Investigators Find Way to Increase Number and Function of Regulatory T Cells

12/21/2007

Overactive immune responses, sometimes referred to as autoimmune diseases, occur when the body's immune system fails to recognize its tissues and cells, and attacks them as harmful foreign agents. A subset of immune cells, called regulatory T cells or Treg cells, suppresses activation of the immune system and closes down immune responses that could potentially attack the body's own tissues.

A protein called Foxp3 is a key component of Treg cells; it regulates their development and function, and serves as a cellular marker. Children's Hospital investigators have discovered a way to increase the gene expression of Foxp3, increase the number of immune suppressing Treg cells that express Foxp3, and enhance the suppressive function of these cells in vitro and in vivo.

Investigators led by Wayne W. Hancock, M.D., Ph.D., Division of Transplantation Immunology, examined optimal Treg function and found that Foxp3 is regulated by acetylation of several lysines in the forkhead domain of Foxp3 that were not previously thought to be involved in Foxp3 function. In addition, the investigators found that Foxp3 acetylation enhanced binding of Foxp3 to the promoter for interleukin 2 (IL-2), and suppressed IL-2 production, an essential activity of Treg.

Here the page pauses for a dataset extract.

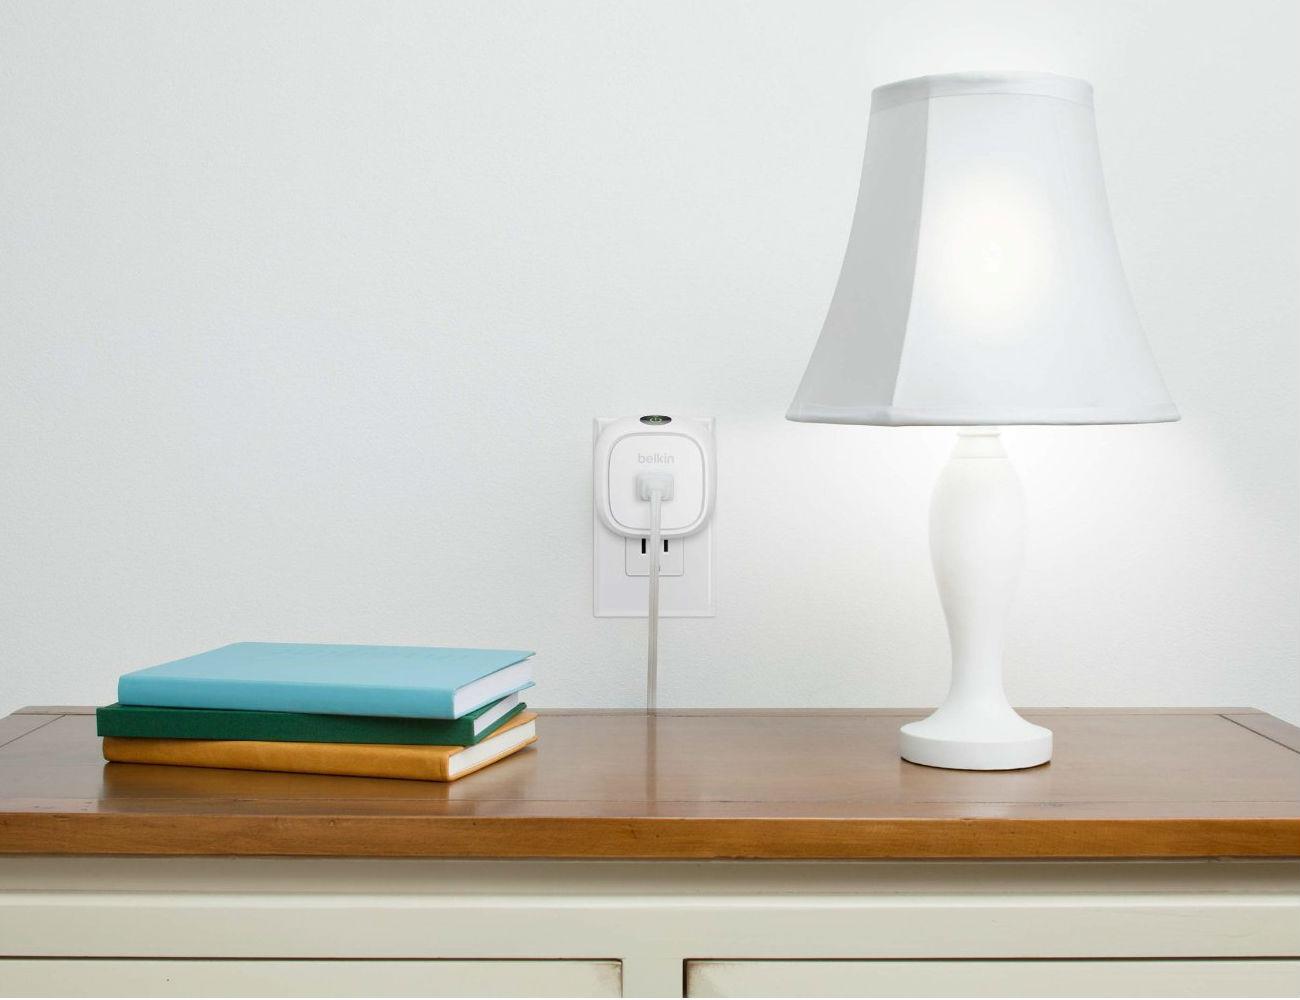 Belkin Wemo Home Automation Switch & Motion Sensor

"We found that the key component of Tregs that people recognize, namely Foxp3, has to be activated for the Tregs to function," says Dr. Hancock. "We used inhibitor molecules to present this aspect of biology in a new way, and show the impact of altering the function of Tregs in autoimmune disorders."

These results, published recently in Nature Medicine, elucidate previously uncharacterized and therapeutically relevant mechanisms to alter inflammatory and immune responses in vivo. They may lead to a way to pharmacologically enhance the suppressive properties of naturally occurring Treg cells. Ultimately, therapies that improve the body's own cell population production may complement or replace therapies that depend on cellular transfer of Tregs.

Dr. Hancock's Hospital co-authors include Ran Tao, M.D., Engin Ozkaynak, Ph.D., Chunxia Chen, Ph.D., Liqing Wang, M.D., Ph.D., and Andrew Wells, Ph.D., Division of Transplant Immunology, and Edwin de Zoeten, M.D., Ph.D., Division of Gastroenterology, Hepatology and Nutrition. The National Institutes of Health provided support for this study.